━━━━━ Data for processing ━━━━━

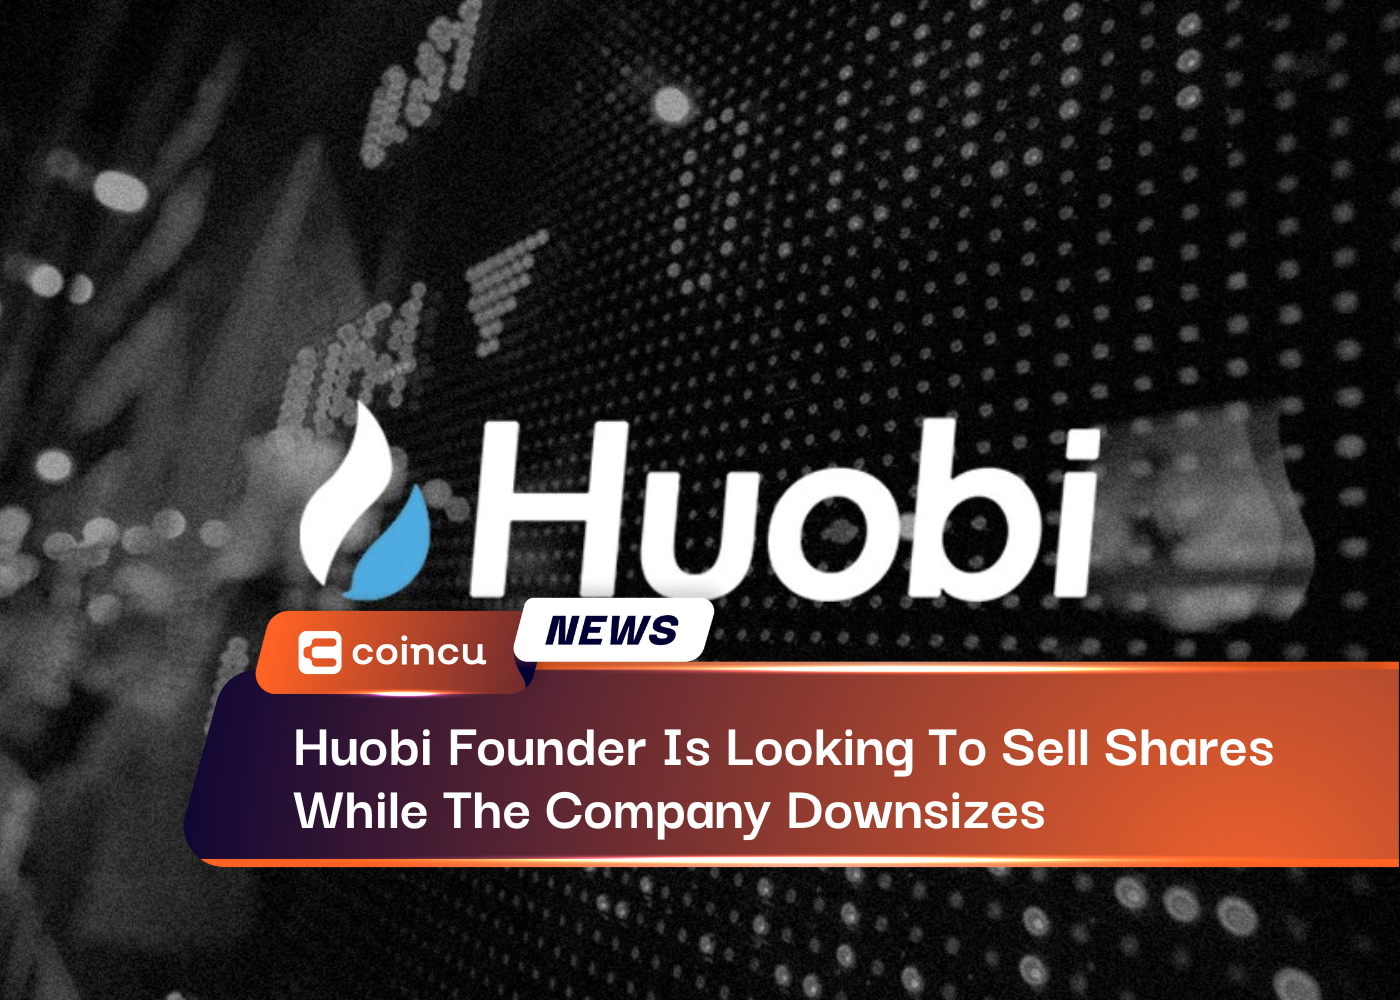 Huobi Founder Is Looking To Sell Shares While The Company Downsizes
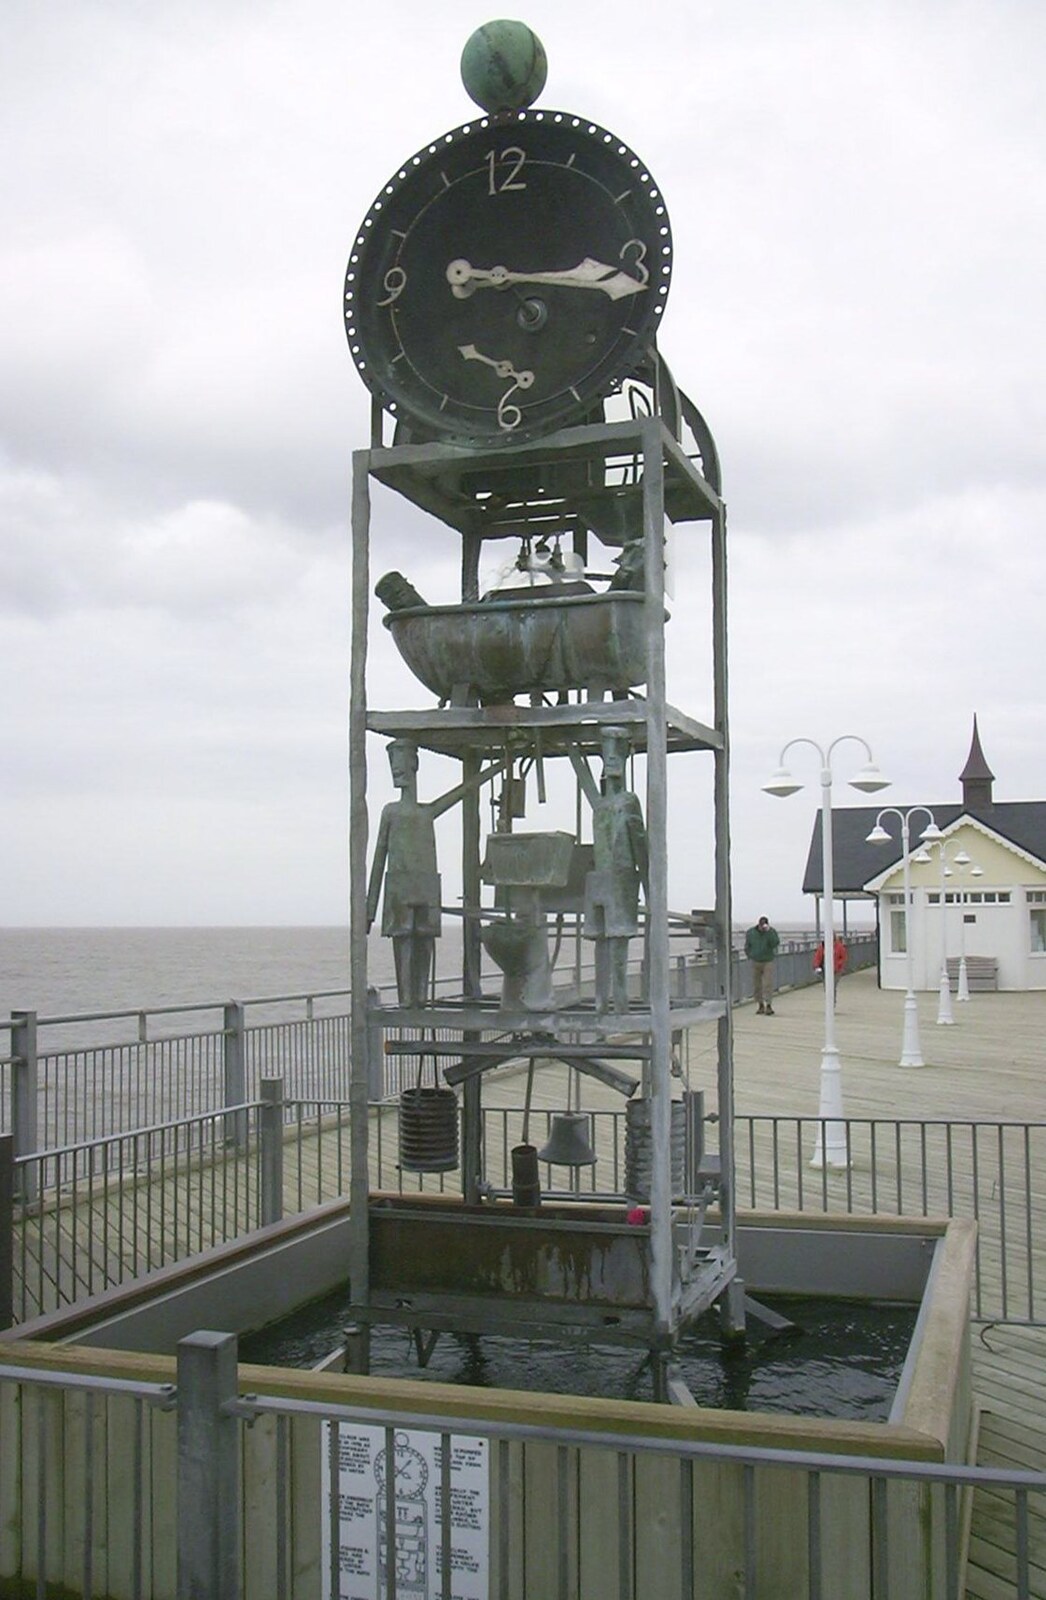 Tim Hunkin's brilliant water clock from Moping in Southwold, Suffolk - 3rd April 2004
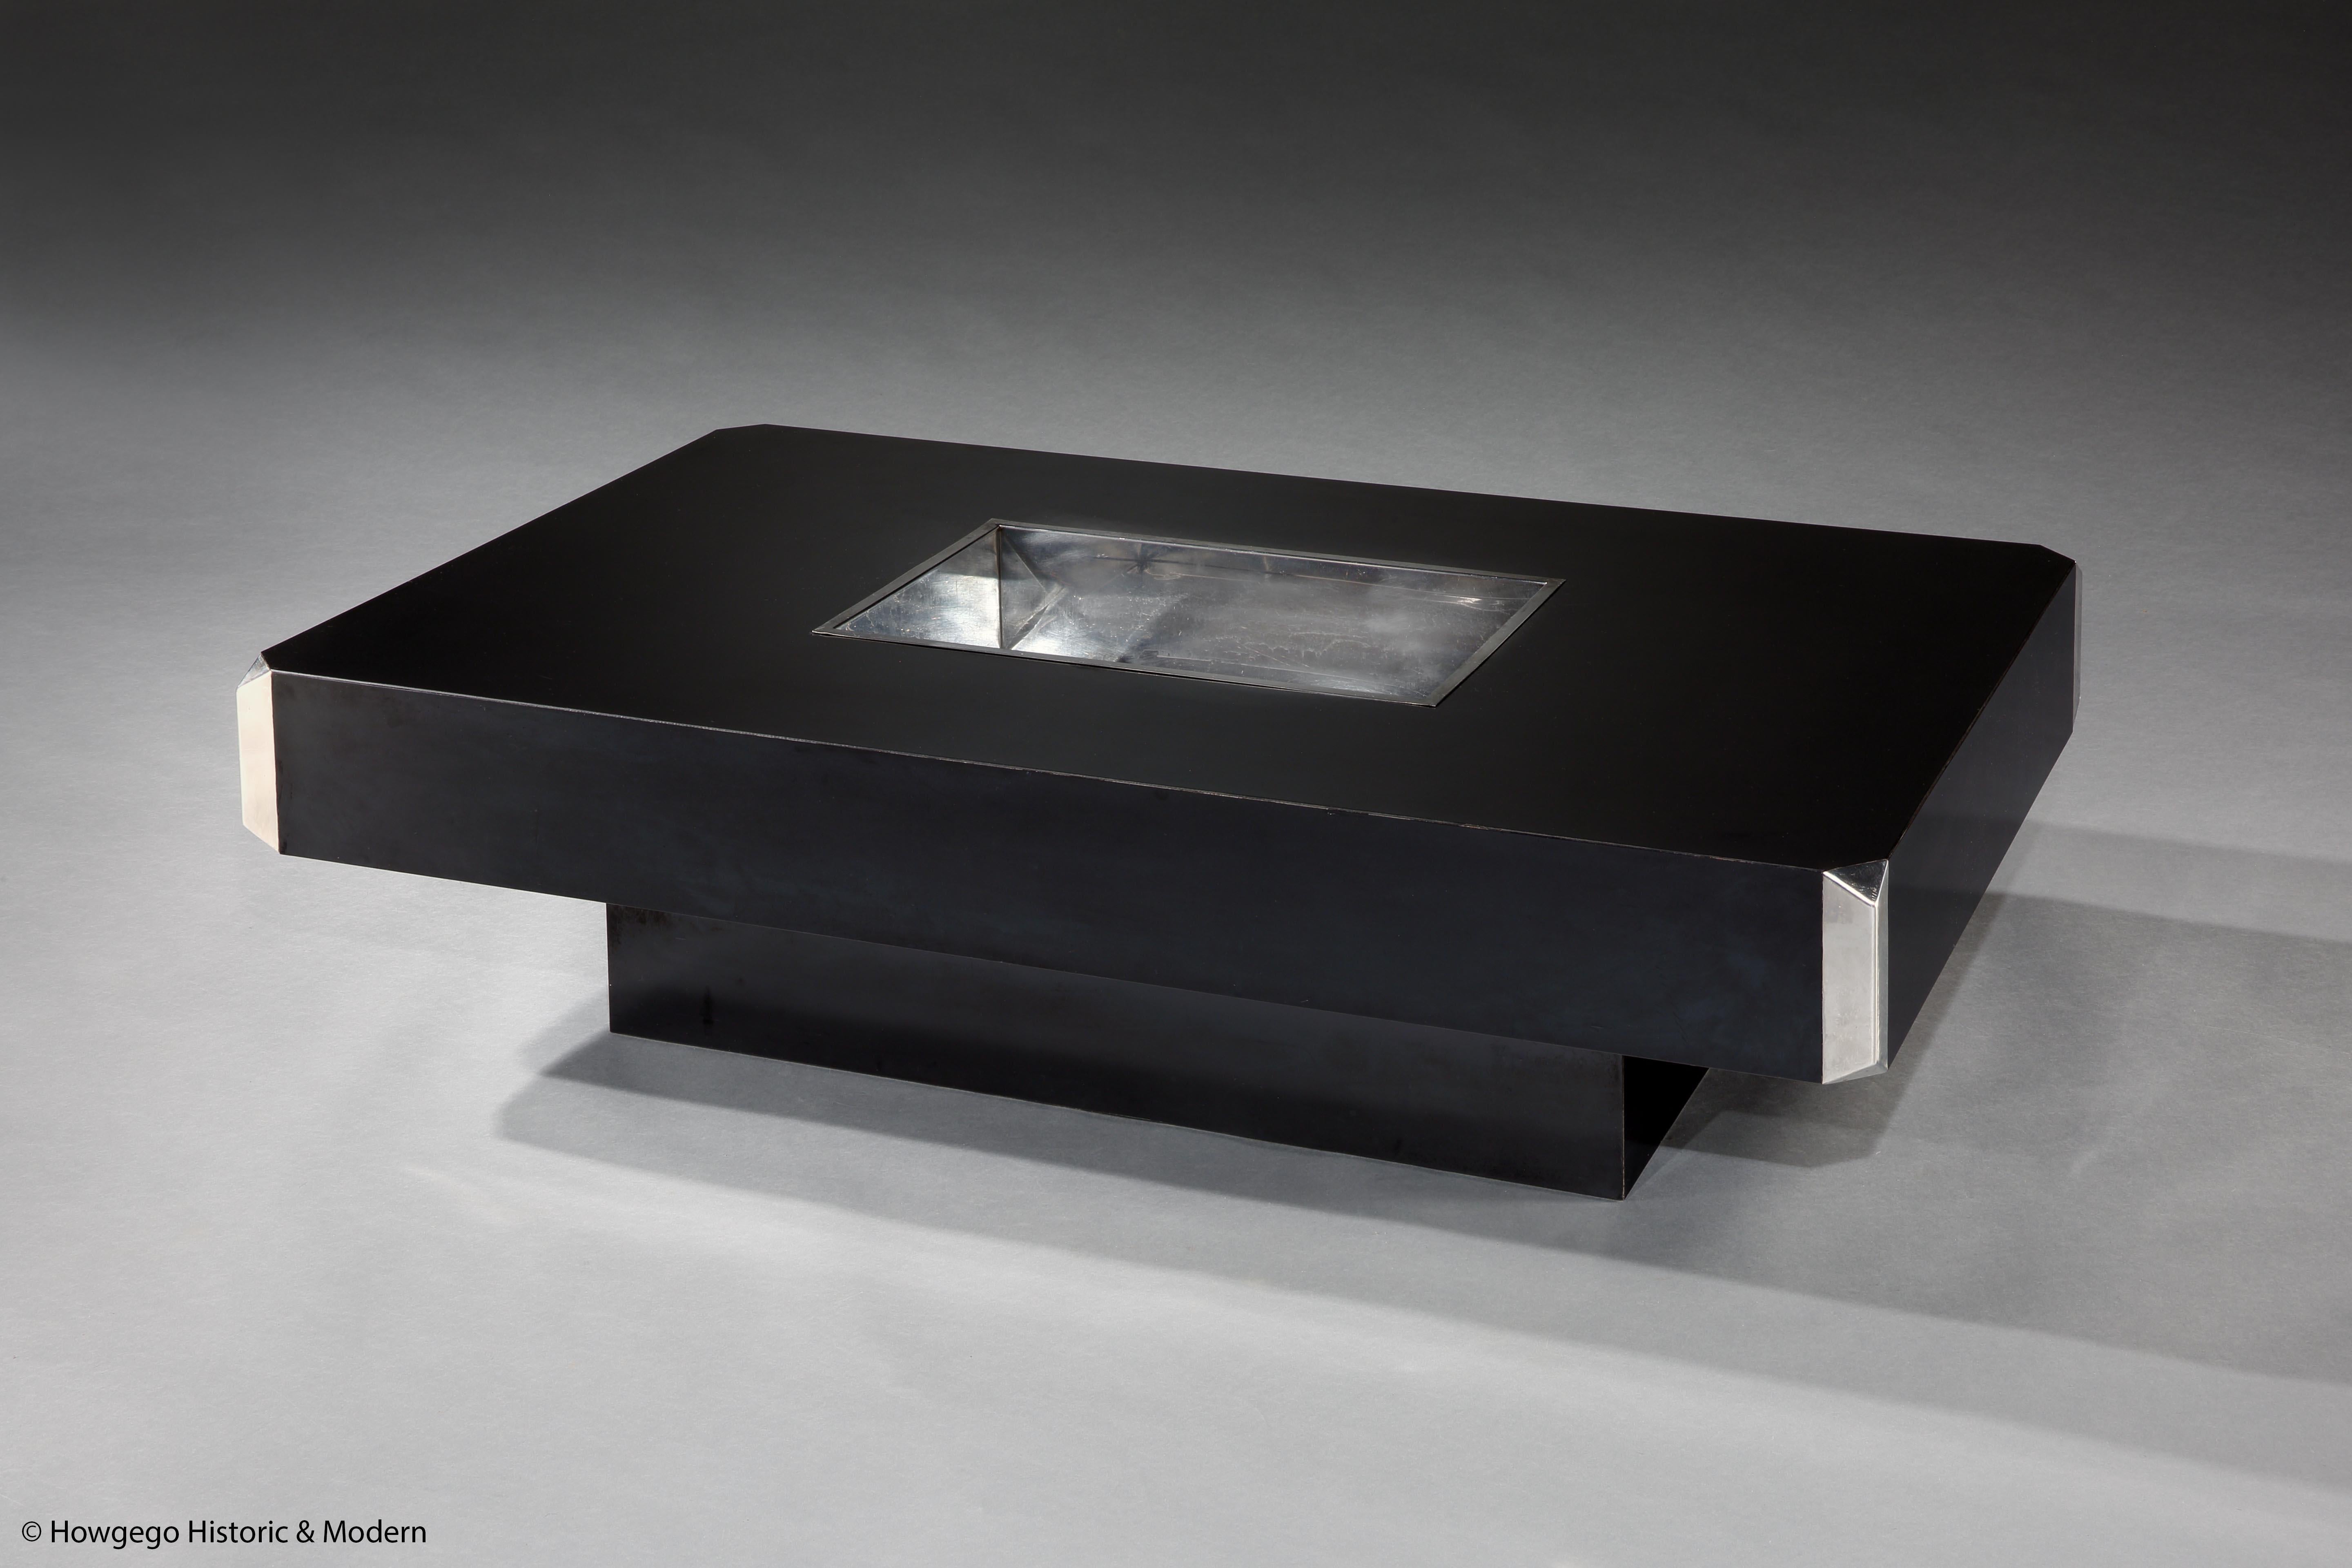 “It was about creating something new for a traditional setting.” Willy Rizzo, 'ALVEO' black lacquered and chromed coffee table, for Cidue, Italy, 1972-1973
- The recessed base creates the impression that the table is floating and lightens the
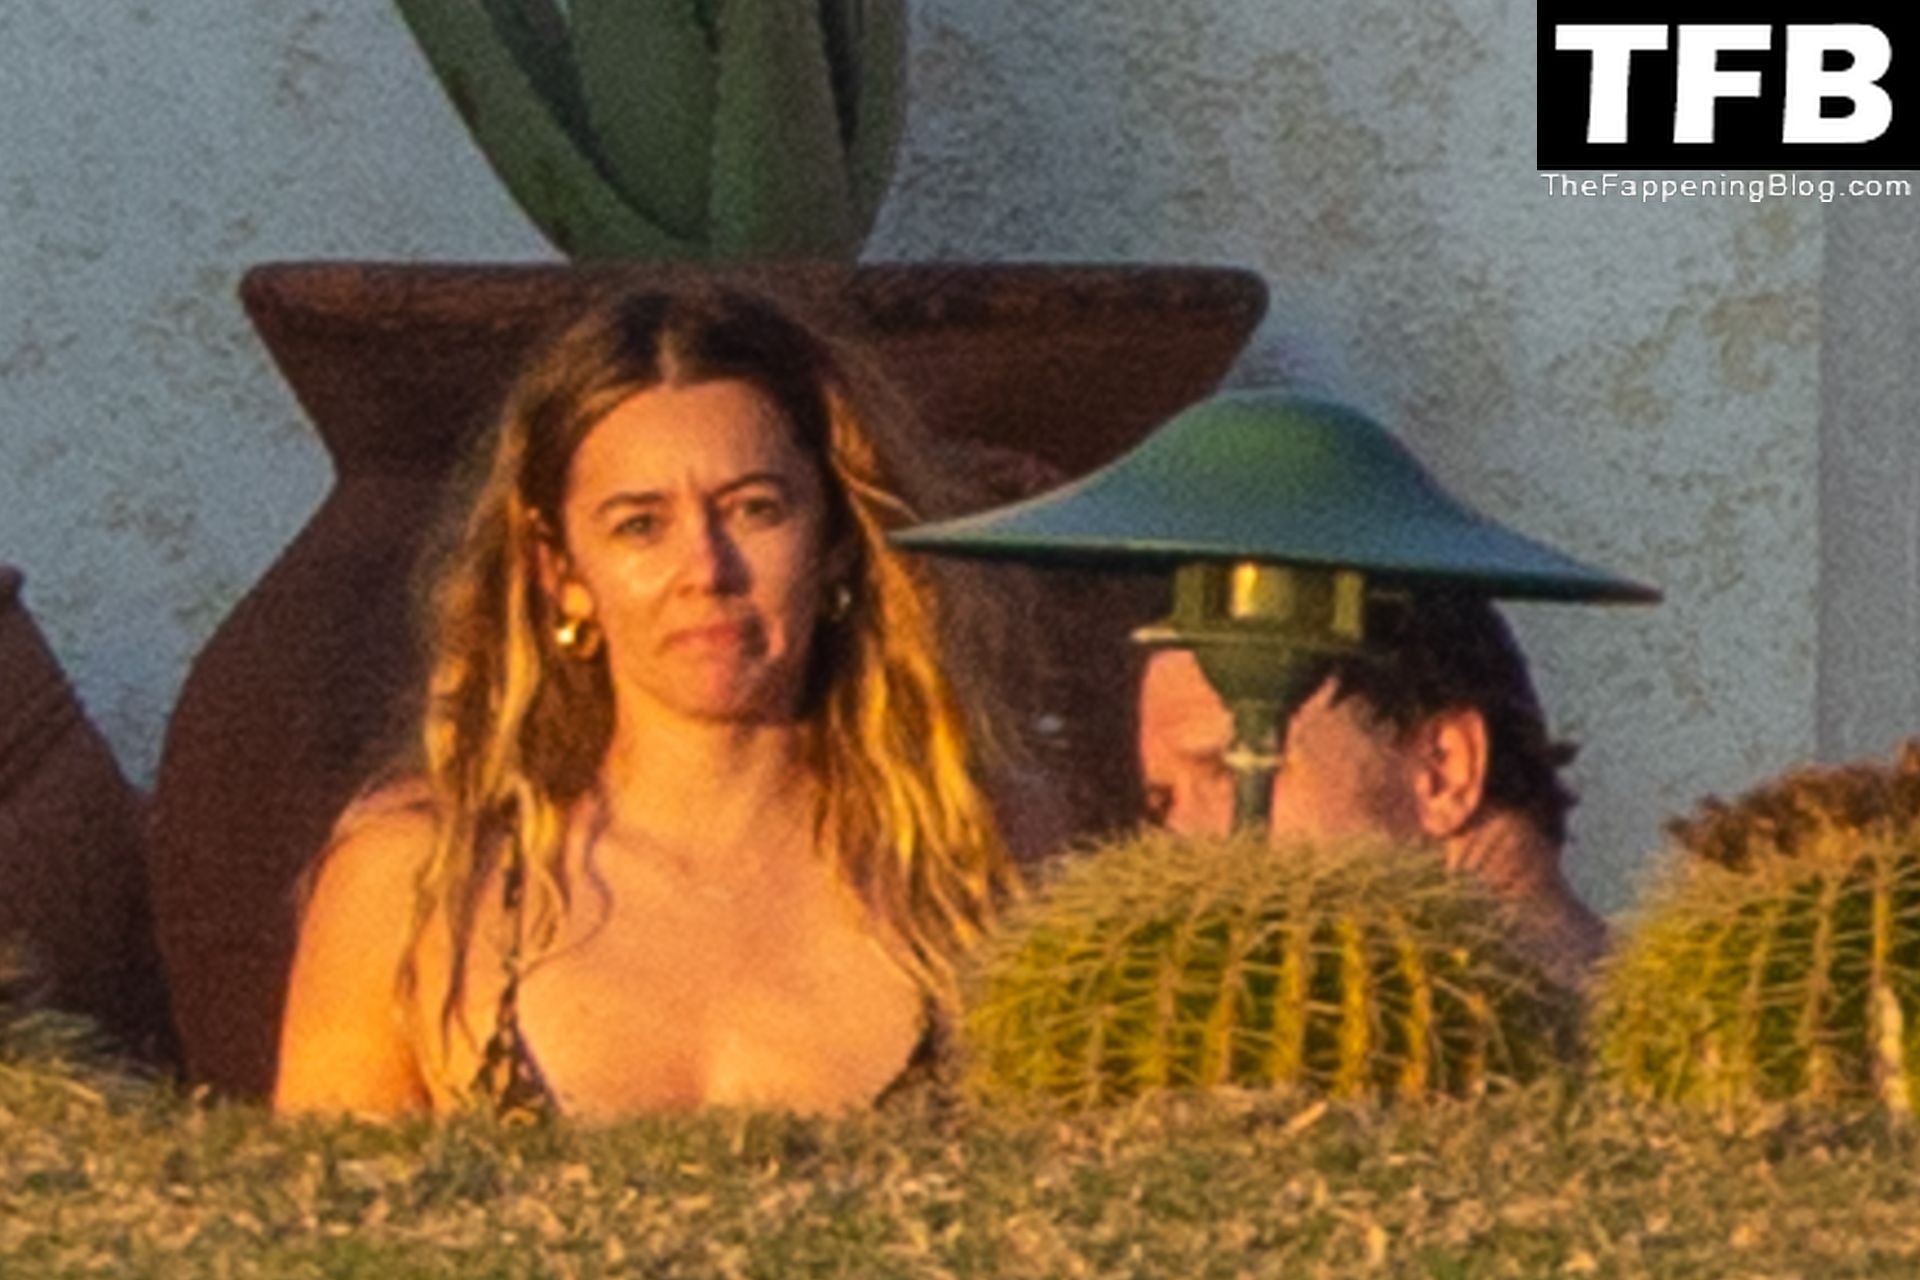 Jason-Sudeikis-and-Keeley-Hazell-have-rekindled-their-romance-as-they-were-spotted-packing-on-the-PDA-during-a-recent-trip-to-Cabo-San-Lucas-Mexico-TFB-11.jpg

━━━━━

> [What is needed]
Leave out the pictures, and extract exactly the lines from the one with "- The recessed" through the end of the records, both ends included.

> [Reply to the task]
- The recessed base creates the impression that the table is floating and lightens the
 Jason-Sudeikis-and-Keeley-Hazell-have-rekindled-their-romance-as-they-were-spotted-packing-on-the-PDA-during-a-recent-trip-to-Cabo-San-Lucas-Mexico-TFB-11.jpg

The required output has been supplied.